Wednesday, January 26, 2005

Appeal

Well, the appeal was yesterday afternoon. Ironically the location was at the branch down in Leith (the harbour area of Edinburgh), which I was instrumental in helping to set up back in the autumn of 2003. Last time I was there I had any number of bods from our head office coming up to view it and shaking my hand while congratulating me and my little team for the very good work we had done. Odd way to return.


We kept things short. We contested the notion of 'public domain' since there is no way an obscure blog can be compared to the likes of writing in a mainstream publication or mass media outlet - it is (or was) hard to find unless you knew what you were looking for and the supposedly offensive articles spread throughout large amounts of other material even more difficult to locate (assuming you knew to look for them to begin with).

We also pointed out that no customers had ever complained after reading it and that indeed I knew friends who read the blog and still shopped at Waterstone's and writers who would attend events and buy books there, so the idea that I was somehow destroying the company's image was ridiculous - they read it and still shopped there.

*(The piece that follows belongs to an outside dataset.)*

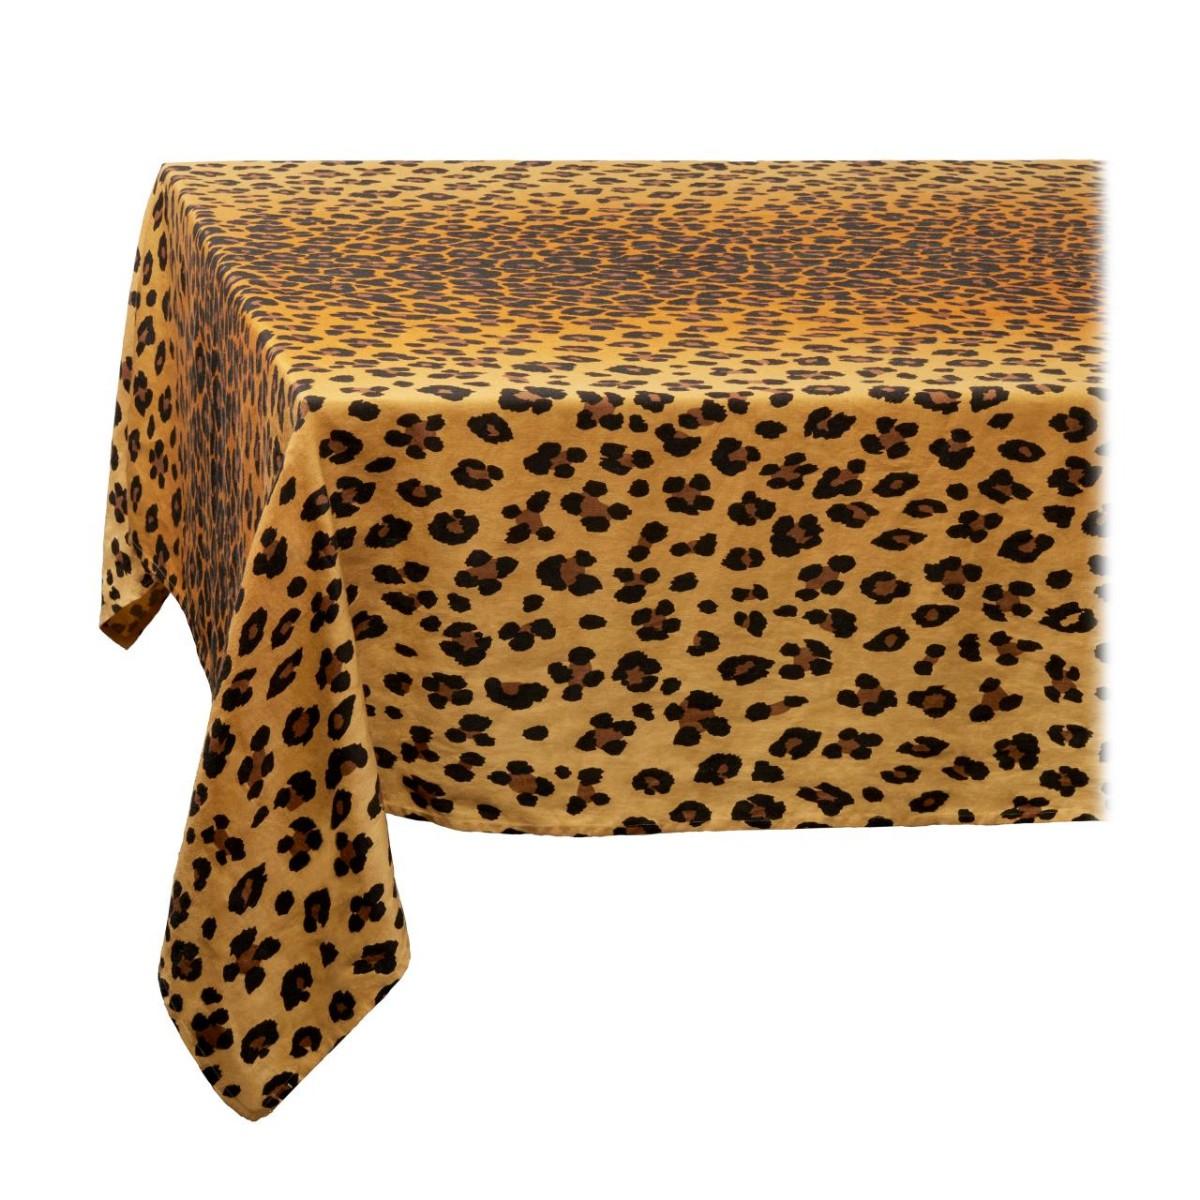 L'Objet I Linen Sateen Tablecloth I Large I Leopard - Natural

The new item was the recent news I received from my previous manager who left over a year ago. He kindly contacted me after reading about it all to say he was surprised that the blog should suddenly become such a bone of contention as he and the then Area Manager both were aware of it way back then (2003). So why was it okay then but suddenly a firing offence in December a year later?

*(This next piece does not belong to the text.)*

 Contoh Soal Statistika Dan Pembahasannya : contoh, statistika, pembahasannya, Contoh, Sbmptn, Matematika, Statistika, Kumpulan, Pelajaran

And again if the company was taking such exception to it, why not take me aside and talk to me about it?
Understandably this meant that the folk conducting the appeal were unable to give us a decision since they will obviously need to look into this and discuss it, so at the moment the union and I are waiting to see what develops. It would be nice to think that the company will be reasonable since no-one wants to go down the route of an industrial tribunal, but we'll just have to wait and see.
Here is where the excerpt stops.